Premier Foods has admitted that the timing of bread price rises last year and consumer concerns about its Hovis white bread played a significant part in losses of £73.5m for 2007, announced this week.
Rocketing wheat prices were identified by the company as the main reason for a 48.4% fall in trading profits at its Bread Bakeries Division, which comprises RHM, taken over last year. But Hovis also lost market share because it was the first big bread brand to introduce price rises.
The company raised prices in early September and late October, but said that competitors did not follow suit until the end of December, resulting in a price differential of up to 15p a loaf.
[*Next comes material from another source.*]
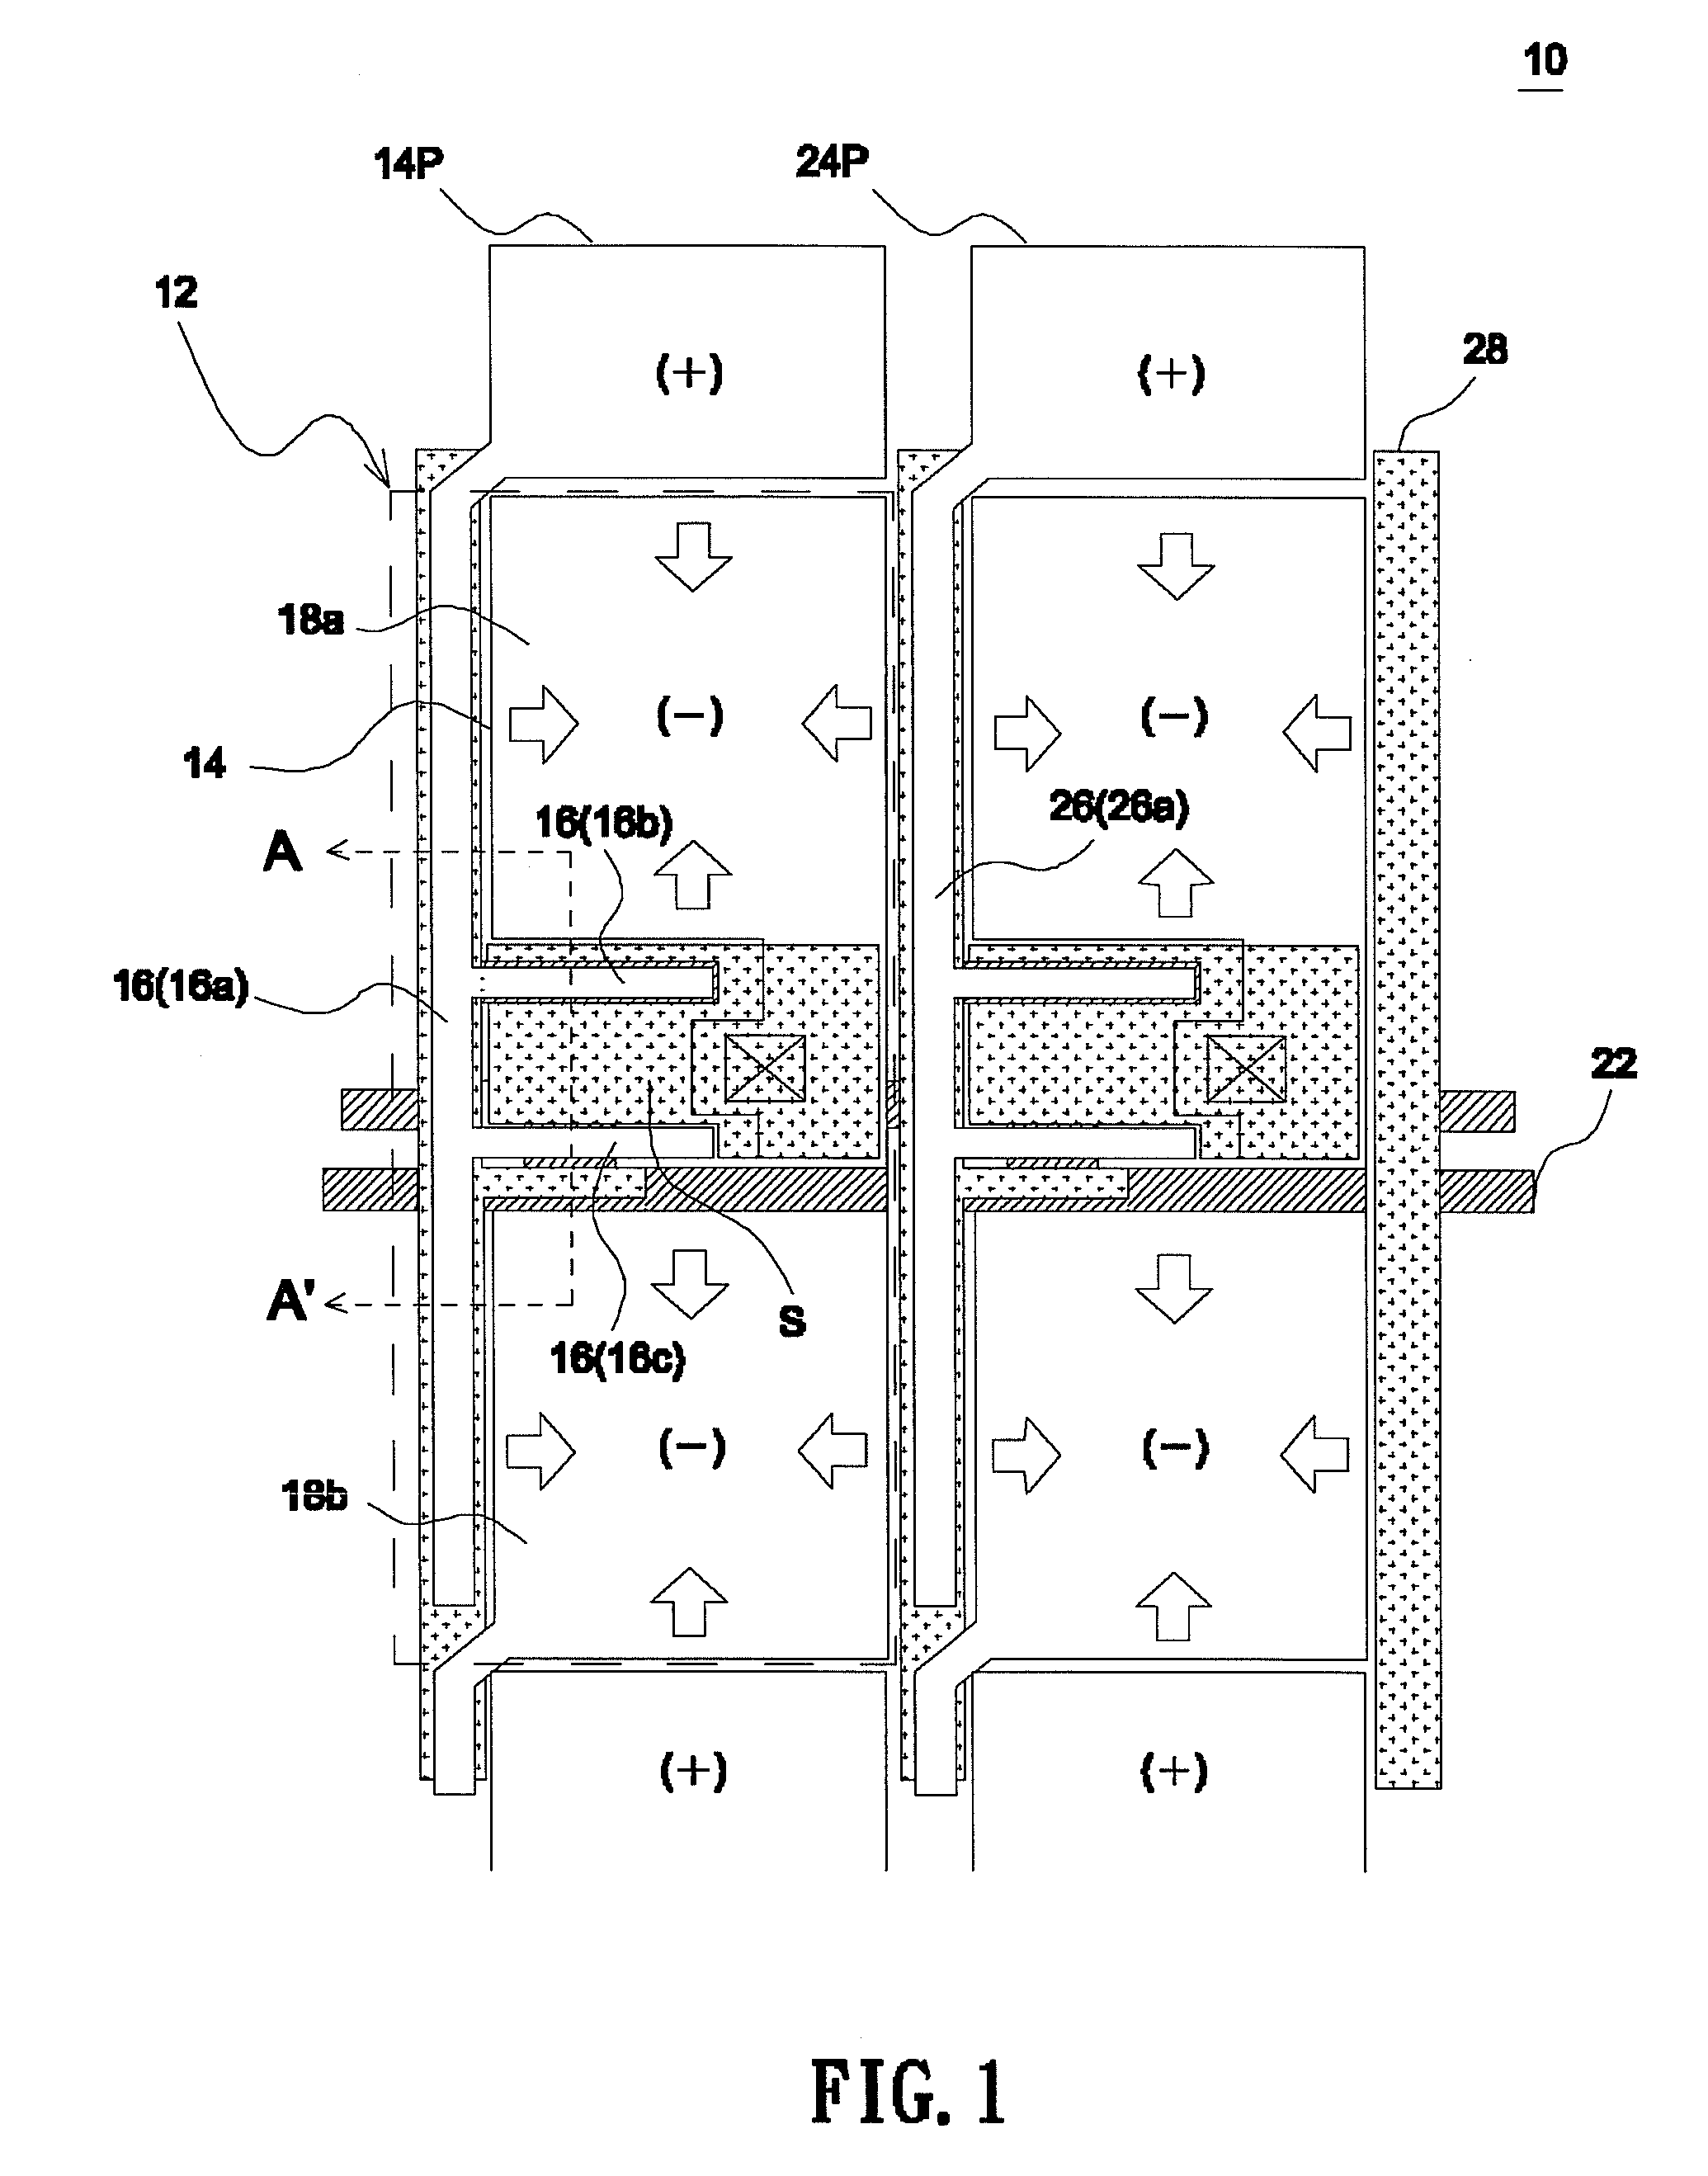 Multi-domain liquid crystal display and array substrate thereof comprising a storage capacitor having an auxiliary electrode controlled by a preceding scan line or signal line
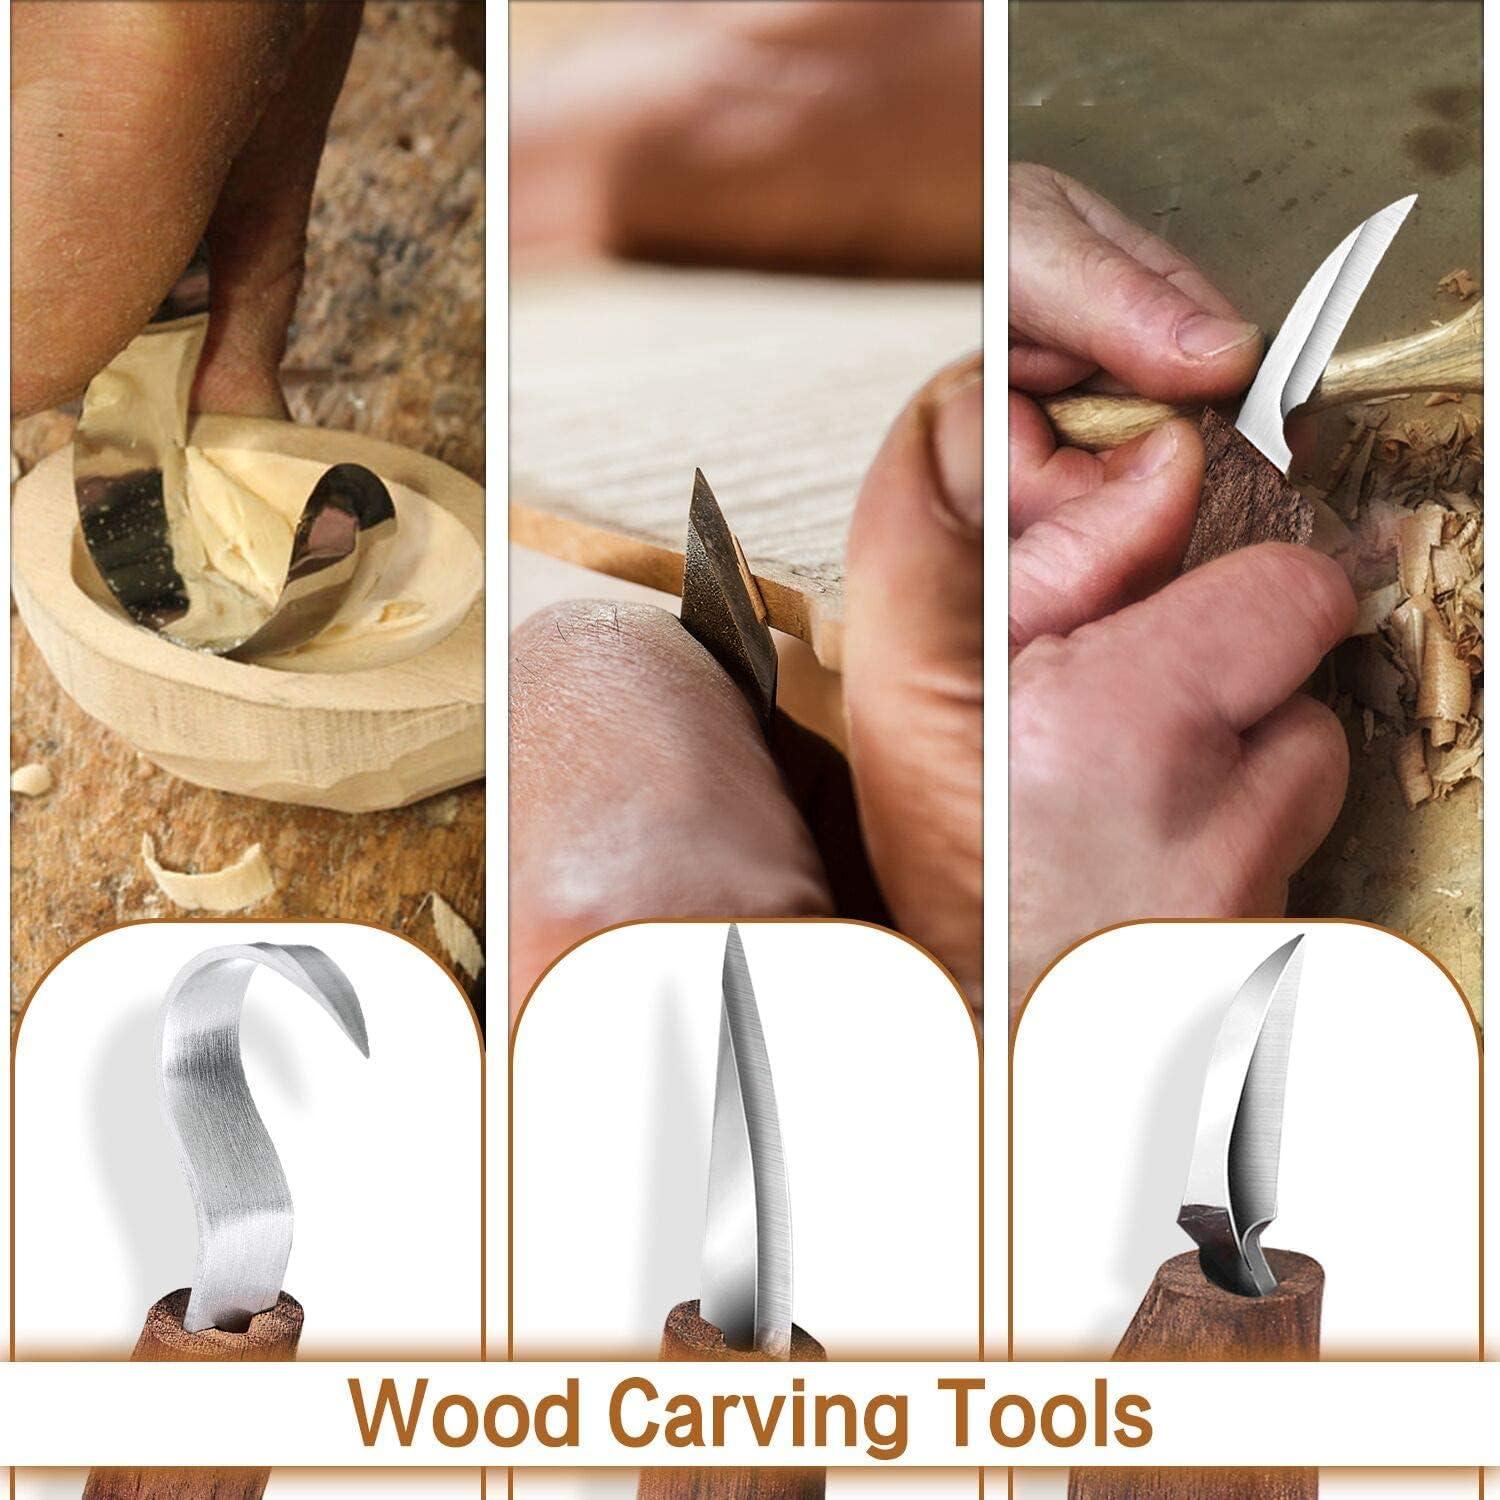 Wood Carving Tools 7 in 1 Wood Carving Kit with Carving Hook Knife Wood Whittling  Knife Chip Carving Knife Gloves Carving Knife Sharpener for Beginners  Woodworking kit Brown 7 in 1

Premier reported an increase of £150m in wheat costs in its preliminary results for 2007.
The company also admitted quality issues with Hovis white bread. "In white bread, Premier lost market share because of customer feedback highlighting quality concerns," said associate director Angharad Couch.
Premier has now changed the recipe for Hovis white with a new blend of flours and longer baking times. Couch added that promotional activities across all Premier’s divisions will be limiited in the first half of 2008, as a new management information system is introduced.
Premier’s chief executive Robert Schofield said it had made progress on integrating RHM and was on track to deliver annual synergies of £113m. "The downside to 2007 was the exceptional cost inflation. While we moved quickly to raise prices, the time lag between cost increases and raising prices reduced second-half profitability," he said.
Premier has already recovered £190m of the estimated £225m cost inflation in 2007 and plans to recover the remaining costs in the first quarter of 2008. Investec analyst Martin Deboo said: "Premier was flayed by rising wheat prices last year and had a difficult second half in its bread business. Going forward will be challenging, as the supermarkets are expected to be extremely aggressive on price negotiations this year."